In 1885, Olmsted and his supporters won.
New York State bought back the
land along the riverbank,
and the island in the river, above the falls.
The new state reservation would be designed,
of course, by Frederick Olmsted.
And he turned to his old partner,
Calvert Vaux, for help.
[Francis R. Kowsky:] To be sure, their plan of
1887 was never fully implemented,
but the ideals were.
That is, that it should be kept as a natural
site that would be open primarily to pedestrians.
What he wanted people to see there
was mostly the beauty of the waterscape.
The falls, of course, but he even
thought the rapids were more impressive and
compelling than the falls, and he
wanted people to have easy viewing access.

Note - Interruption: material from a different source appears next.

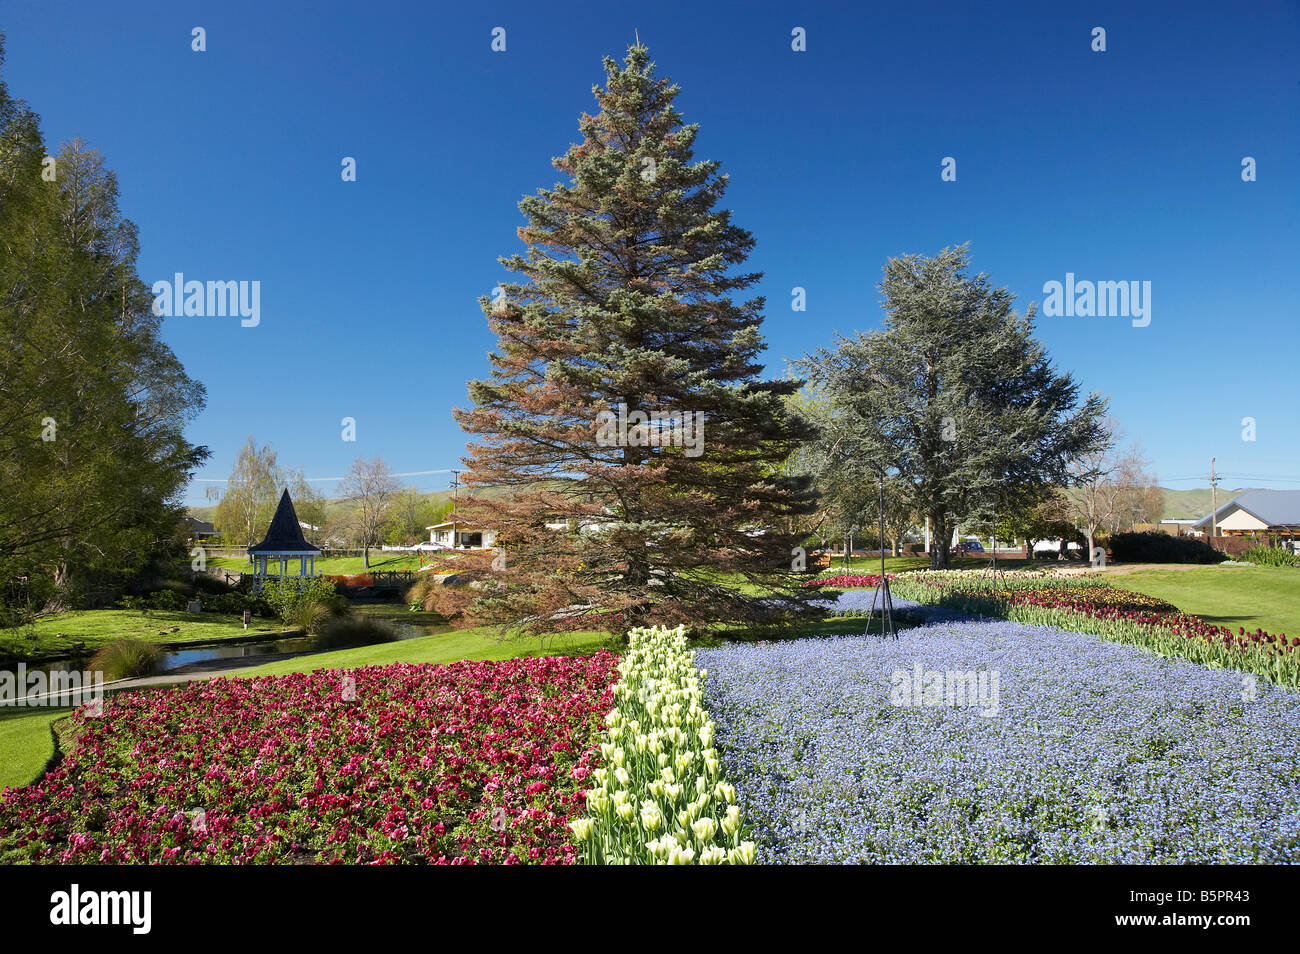 Spring Flowers Pollard Park Blenheim Marlborough South Island New Zealand - Stock Image

The gem of the Niagara Falls State Park is Goat Island,
and to Olmsted and Vaux that in fact was
in fact the most beautiful part.
Areas of it are as they would have known it,
especially the Three Sister Islands.
You can walk out onto the third island the way Olmsted
and Vaux could have and see the rushing rapids coming on.
And if the mist is rising at the right angle,
you don't see the casinos and the
towers on the Canadian side and for a brief
period you could put yourself back in time.
Olmsted would work in Buffalo for three decades.
After his retirement his sons carried on his business.
He and his successors really had a
great role in shaping the city of Buffalo.
[Narration:] But over the years,
parts of the Olmsted system were changed.
Much of the Front, the park along the river,
became a traffic plaza.
On the east side of Buffalo,
bulldozers reduced the once-elegant
Humboldt Parkway to a commuter freeway.
It was called Progress.
But more recently, another kind of
progress came to Buffalo - a grassroots community
group that would become the Buffalo
Olmsted Parks Conservancy was formed in 1978.
The Conservancy now manages and
protects all of the Olmsted parks in Buffalo,
in a public-private partnership with the city.
Well over a million people visit these parks each year.
[Quote:] A park is a work of art,
designed to produce certain effects upon the mind of men.
The purpose of parks is to provide a feeling
of relief experienced by those
entering it on escaping from the cramped,
confined, and controlling
circumstances of the streets and towns.
In other words, a sense of
enlarged freedom is to all and all times
the most certain value and gratification
afforded by a park. Frederick Law Olmsted.